Homework: SQL Joins, Salaries, and Baby Names
This is a walkthrough as exercise, trying out some SQL JOINs, and slight practice on data-wrangling outside of the database.
-
A Google doc named
sql-joins-salaries
with the SQL and results for every query (screenshot if you must) -
Every query gets its own page.
-
On the cover page, list what city/jurisdiction you used.
-
Create a new Google Document (i.e. Word document) and name the file:
sql-joins-salaries
-
Choose a California city/jurisdiction and download its 2015 salary data from Transparent California.
-
Clean the payroll data (spreadsheet recommended) so that it has a first_name column
-
Import it into a table in your own SQLite database
-
Answer the queries at the end of the walkthrough, paste the answers (SQL and results table) into the Word doc.

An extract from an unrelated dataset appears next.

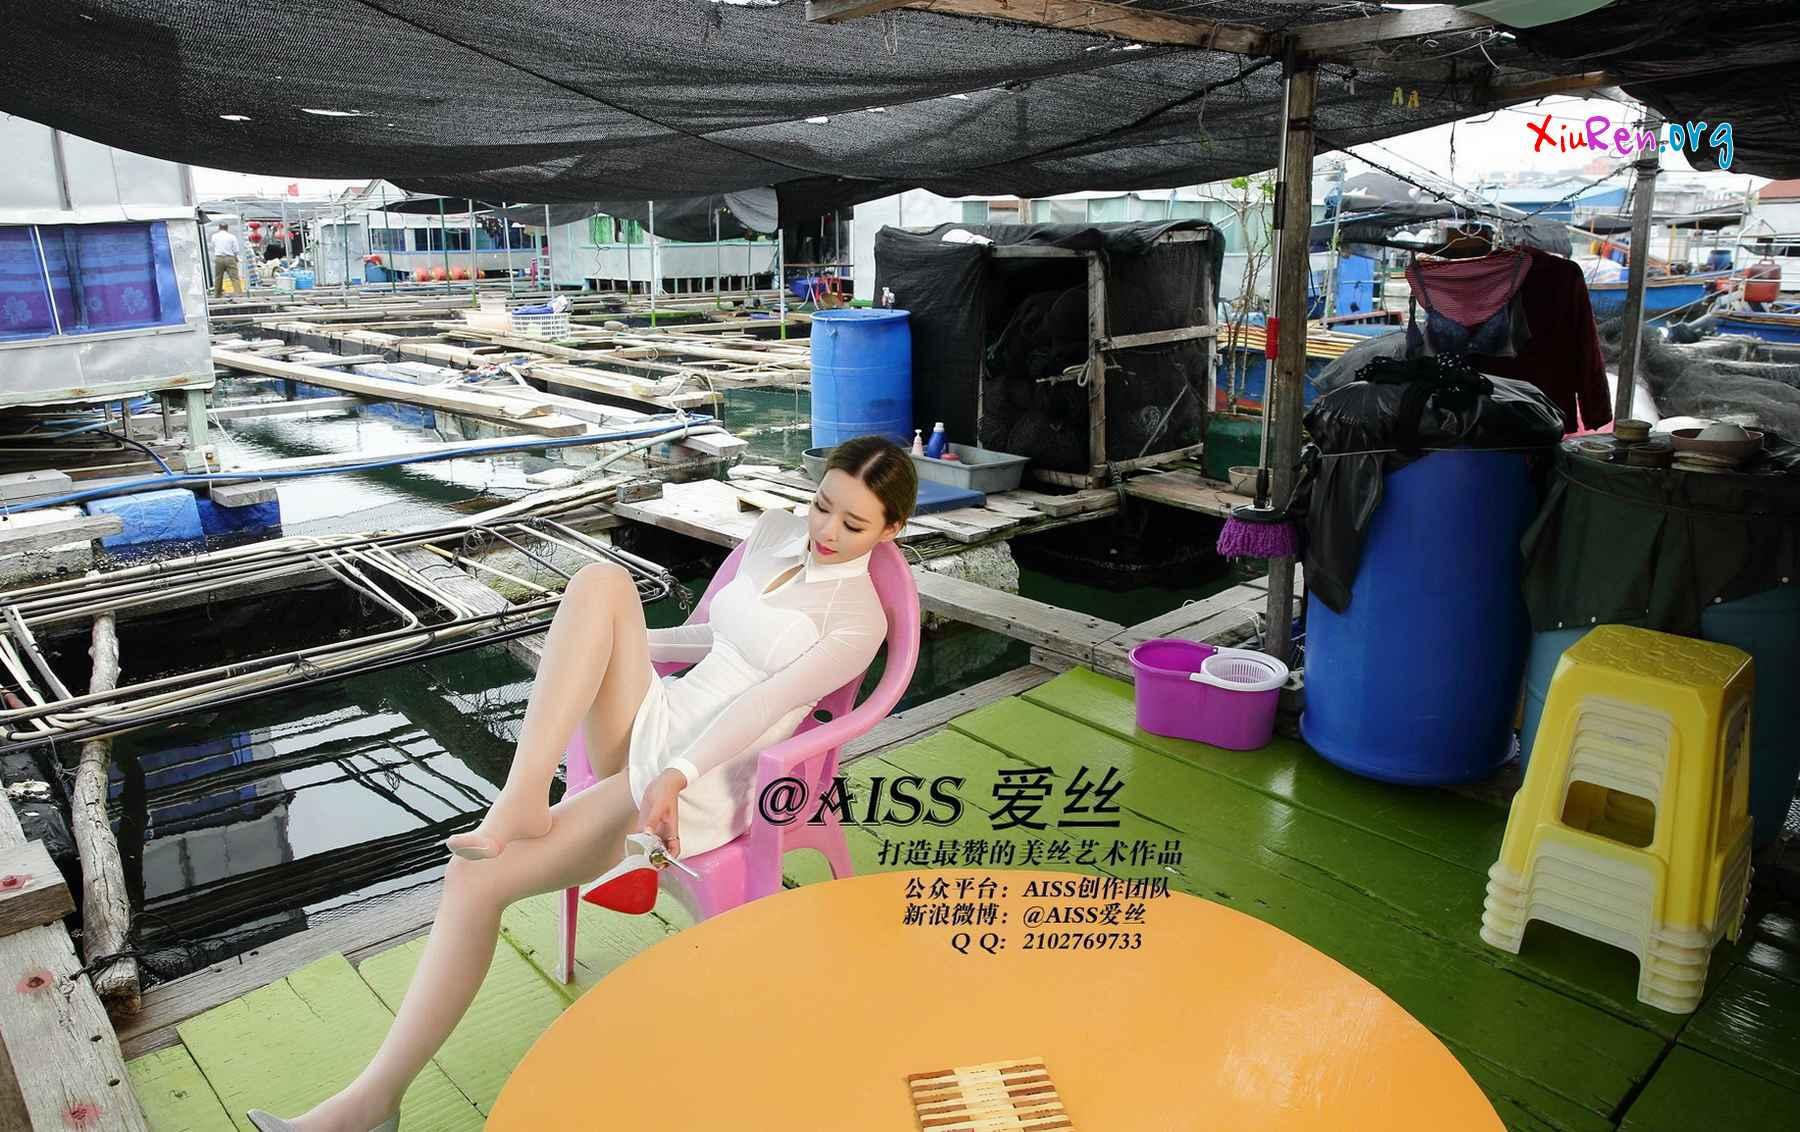 渔人码头---索菲 - 无题 - 无题的博客

The database of gendered baby names
For this homework, you'll probably want to use this provided database:
You'll need the gendered_babynames
table; you can ignore the thr_power_list
table.
For context, read the lesson /tutorials/sql-joins-example-thr-power-gender
Remember that you have to produce a Google Doc with all the code/answers to the query at the bottom.
Thinking about salary data
This exercise is meant to acquaint you with the characteristics and quirks of salary data. The queries are meant to be straight forward, but you should be pondering the kinds of things you could analyze if you had more than one year's worth of one city's data to look at…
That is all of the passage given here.